ABC’s The Bachelor is a reality dating television show. The premise follows a bachelor as he ventures into the dating world with a selected group of females who are potential candidates. Throughout the season, the bachelor goes on one-on-one and group dates with the women; the contestants and the bachelor travel to exotic and romantic locations for their dates. Each week culminates with the lead eliminating one woman, until he is left with the one he chooses to marry.

Since the premise of the show is about finding love through relationships, how can this reality television series promote healthy relationships, when the bachelor is dating numerous women at once? Does The Bachelor normalize cheating? Is openly going on dates with several women considered cheating, if the other women involved are aware of his actions?

A broad definition of cheating is an act of unfair or dishonest doing. In relationships, cheating can be noted through emotional, physical, or sexual affairs. The boundary of cheating can be a fine line and those in relationships have a different perception of what cheating entails.

Since cheating is an unfair or dishonest act, is the bachelor really cheating if the other women are aware of his separate relationships?

When there are three contestants remaining, the bachelor offers them keys to the fantasy suite, which is a hotel room where the couple spend the night together and have sex, without cameras.

According to The Hollywood Reporter, Andi Dorfman, the bachelorette for season 10 of The Bachelorette (the spin-off of The Bachelor), wrote “almost every Bachelor has sex with everyone he goes into the fantasy suites with.”

When you step away from the idea that The Bachelor is a reality television dating game show, and think logically about one man dating several women at once, you can’t help but think—he is cheating and everyone is okay with that.

The Bachelor normalizes the concept of cheating because the bachelor himself is in relationships with multiple women.
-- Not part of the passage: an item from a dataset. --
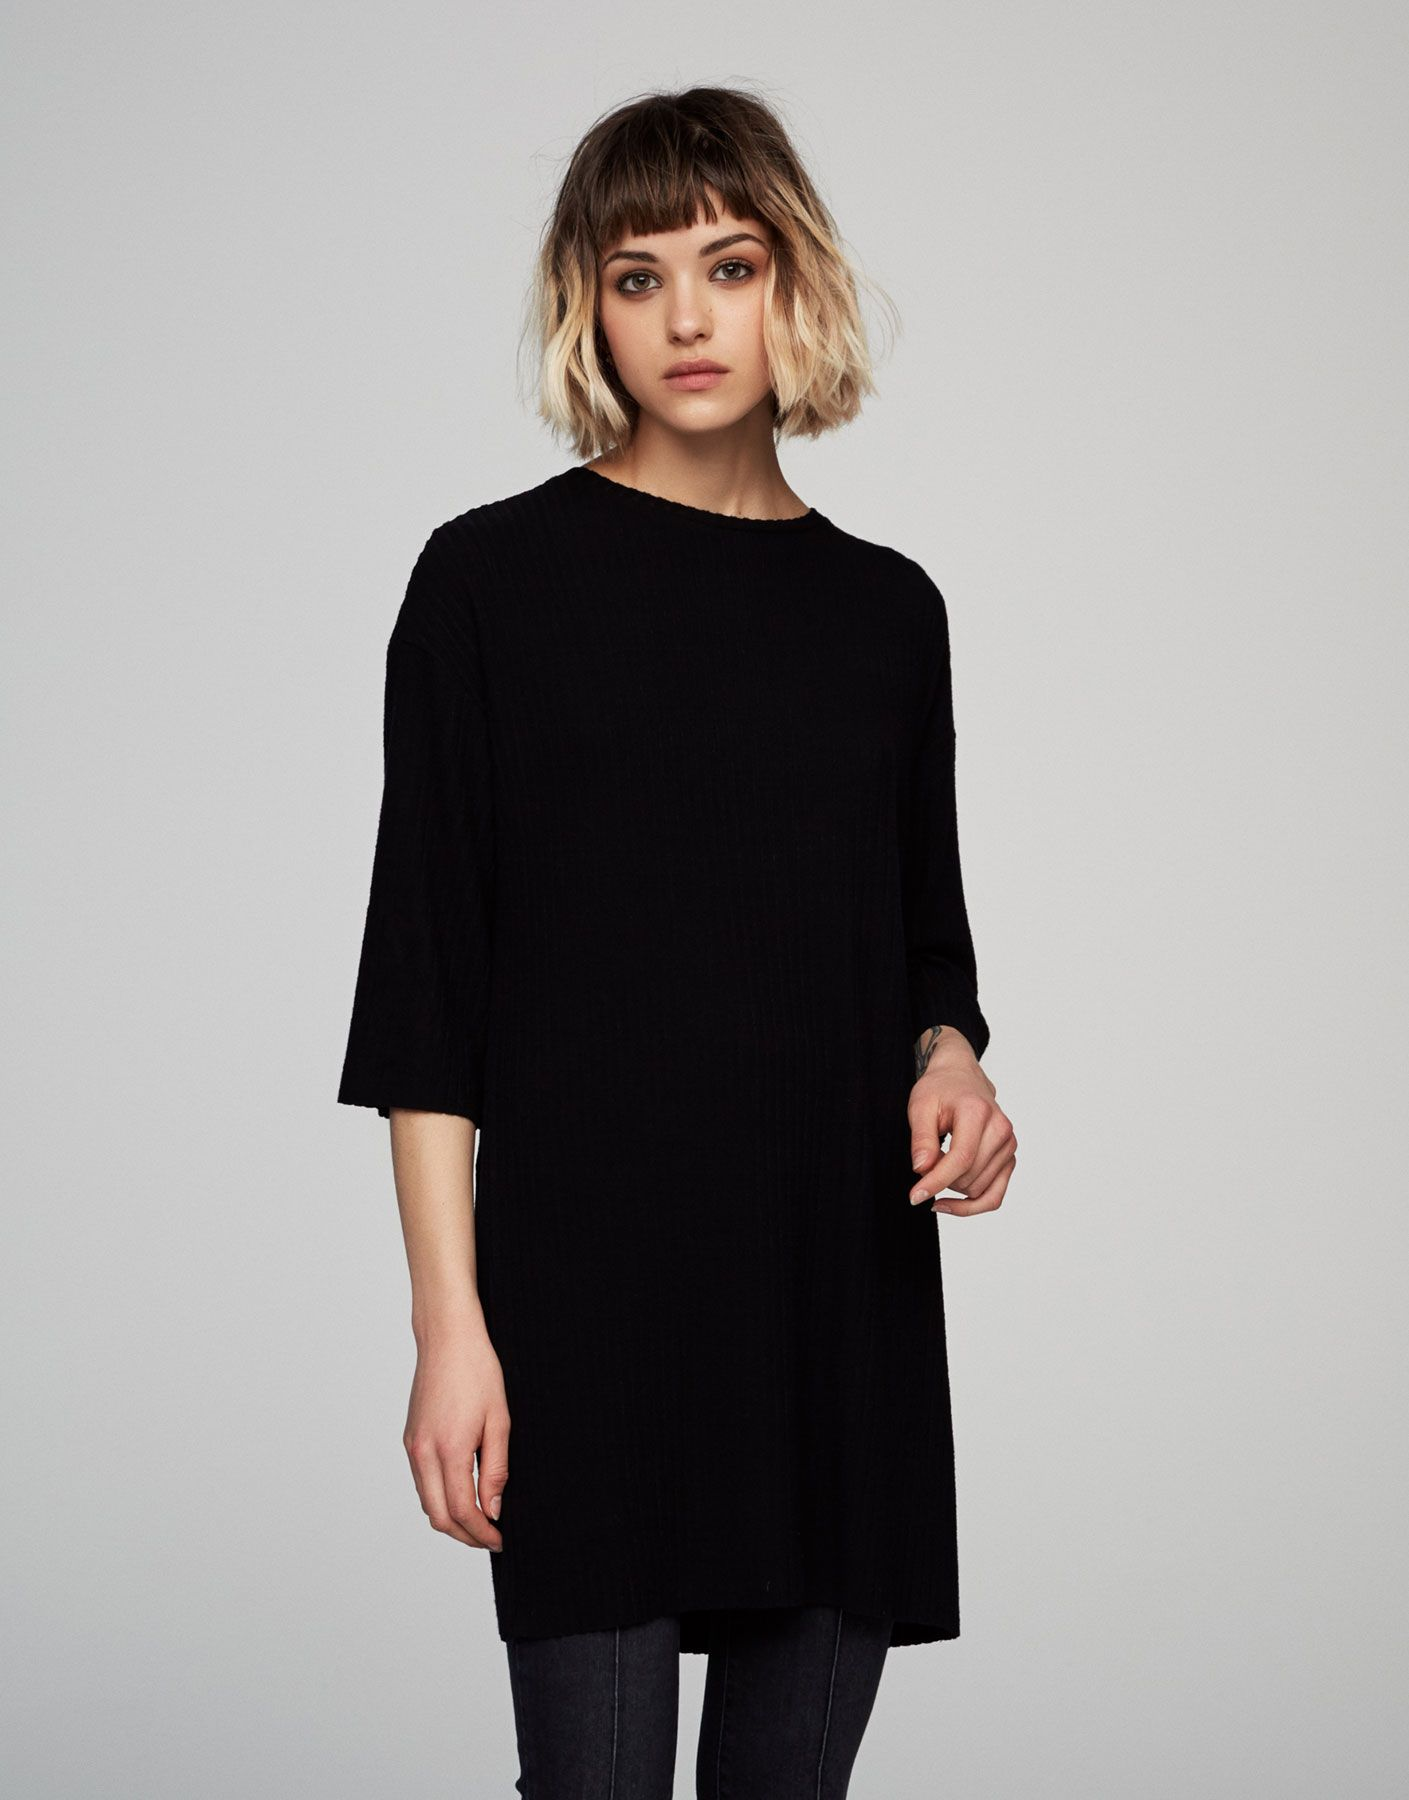 Short sleeved ribbed dress dresses clothing woman pullubear

Although this is the whole point of the show, there is something unsettling about it. How can trust be built when the bachelor is building relationships with multiple people at once? How can the bachelor be in love with so many women at once? Is he really in love or he is performing for the cameras?

In an interview with BUILD, the season 23 bachelor Colton Underwood talked about how his experience on the show still affected his personal life. He stated, “I even caught myself, at times, sort of going about things just because that’s what the bachelor was supposed to do… he’s supposed to take three [women] to fantasy suites and he’s supposed to break up with one and go through all these rose ceremonies. And it’s like, okay, but this is my life after this.”

Underwood’s season was untraditional because he chose a contestant who left the show. He told BUILD that, “I couldn’t let someone walk away that I was in love with. And that’s what I came to this show for, is I came to find love, and I came to find a love worth fighting for, and I found that.”

Underwood might have found love on his season, but the same cannot be said for other seasons. Out of the 23 completed seasons, only two couples remain together today. 14 out of 23 couples got engaged during their season finale, however, 13 of those engagements and/or marriages eventually broke off.

Considering The Bachelor has an 8.6 per cent success rate, does the concept of not being in a monogamous relationship during the dating period, have anything to do with this? Viewers will not know the exact reasons why, but the speculation of an unfaithful start to their relationship seems like a valid indication for an eventual breakup.